NCT number NCT00325936
Other study ID # CNL-MS-01
Secondary ID SLIMS study
Status Completed
Phase Phase 4
First received May 12, 2006
Last updated August 26, 2008
Start date July 2005
Est. completion date June 2007

Study information

Verified date August 2008
Source Boryung Pharmaceutical Co., Ltd
Contact n/a
Is FDA regulated No
Health authority Korea: Food and Drug Administration
Study type Interventional

Clinical Trial Summary

Abnormalities of glucose, insulin and lipoprotein metabolism are common in patients with hypertension, and these metabolic abnormalities are reported to be related to insulin resistance. Therefore, whenever treating such patients, antihypertensive agents that may have the added effect of improving insulin resistance should be selected. CinalongTM (Cilnidipine) is expected to improve metabolic syndrome as well as insulin resistance by its dual effects on L and N-type calcium (Ca) channels. In this study, the researchers investigate the effects of CinalongTM on insulin resistance and other metabolic related factors.


Description:

- Multi-center, randomized, prospective, double blind, active control, parallel study

- Superiority study (Treatment group - Cilnidipine/Control group - Nifedipine)

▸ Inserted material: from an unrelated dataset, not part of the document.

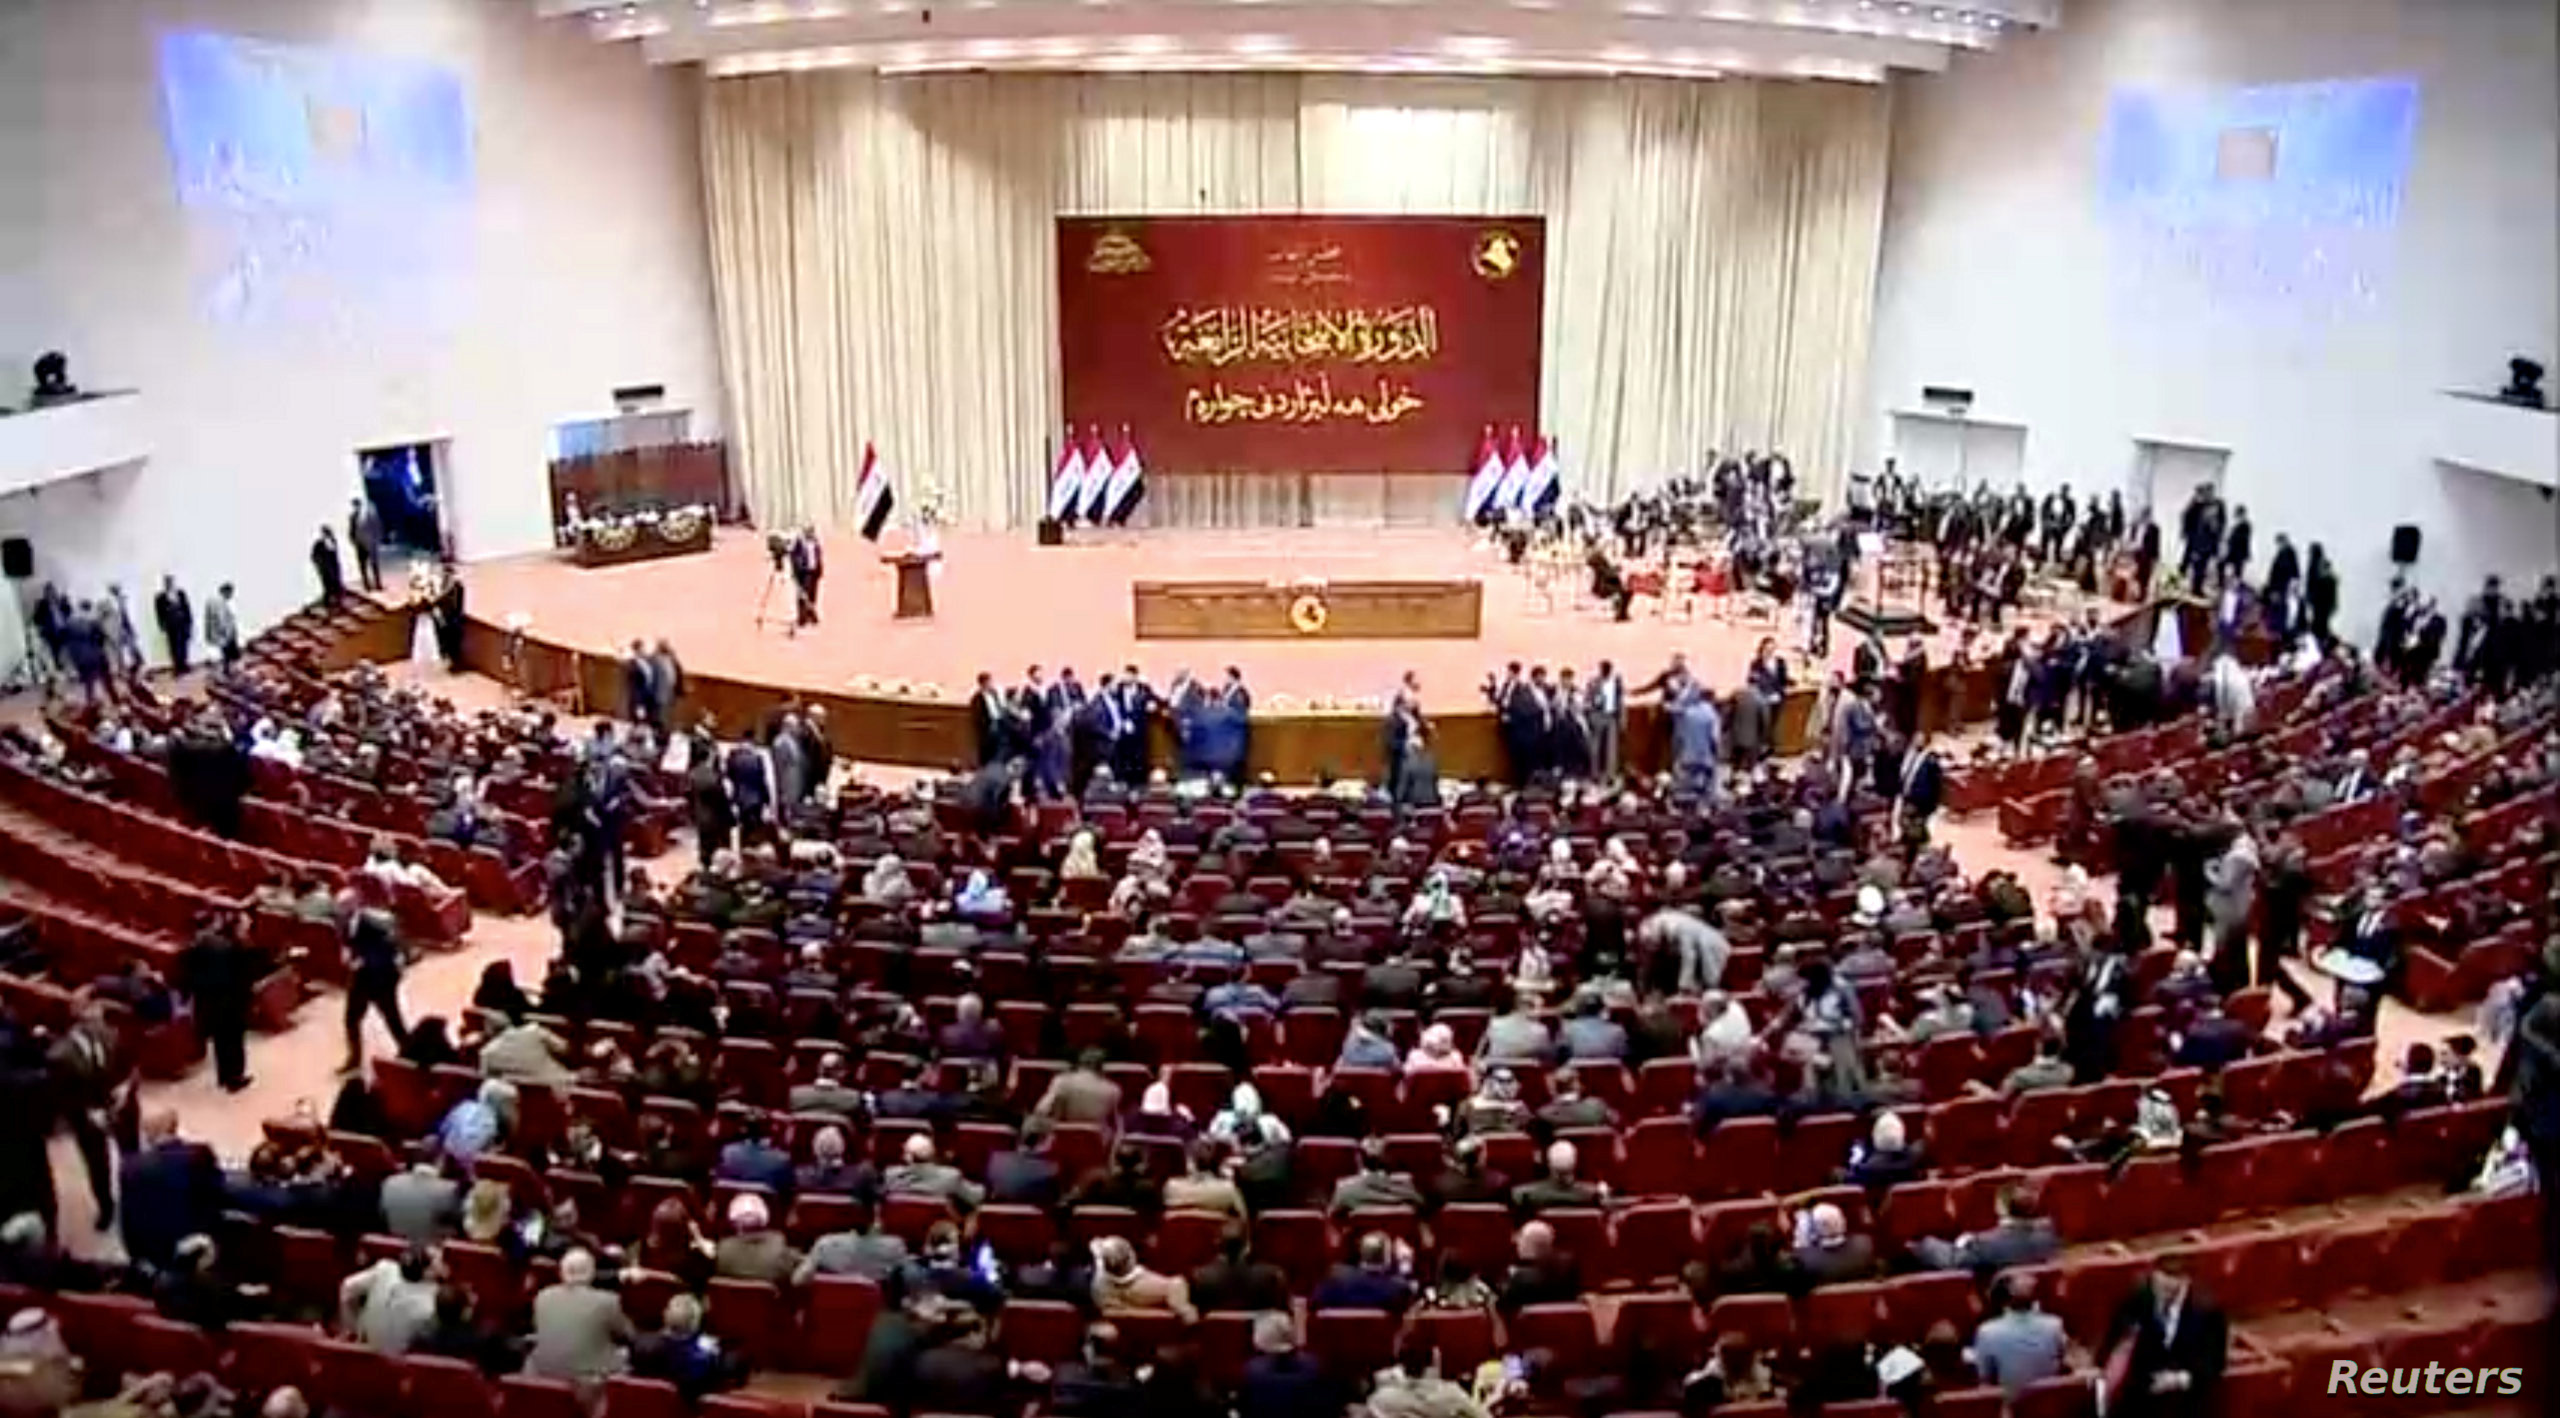 البرلمان العراقي يعقد الأسبوع الحالي جلسة لمنح الثقة لحكومة الكاظمي - بوابة  الشروق - نسخة الموبايل

- Measure the effects of Cinalong(TM) after 3 month and 12 month-application


Recruitment information / eligibility

Status Completed
Enrollment 186
Est. completion date June 2007
Est. primary completion date June 2007
Accepts healthy volunteers No
Gender Both
Age group 30 Years to 65 Years
Eligibility Inclusion Criteria:

1. Men or women, 30-65 years of age having essential hypertension with metabolic syndrome

2. At Screening and Visit 1, blood pressure should be: sitting systolic blood pressure (SiSBP) >=140 mmHg or sitting diastolic blood pressure (SiDBP)>= 90 mmHg and two or more of the following criteria should apply.

- Abdominal obesity: waist circumference >= 90 cm in men and >= 80 cm in women

- Hypertriglyceridemia:. >=150 mg/dl (1.695 mmol/l)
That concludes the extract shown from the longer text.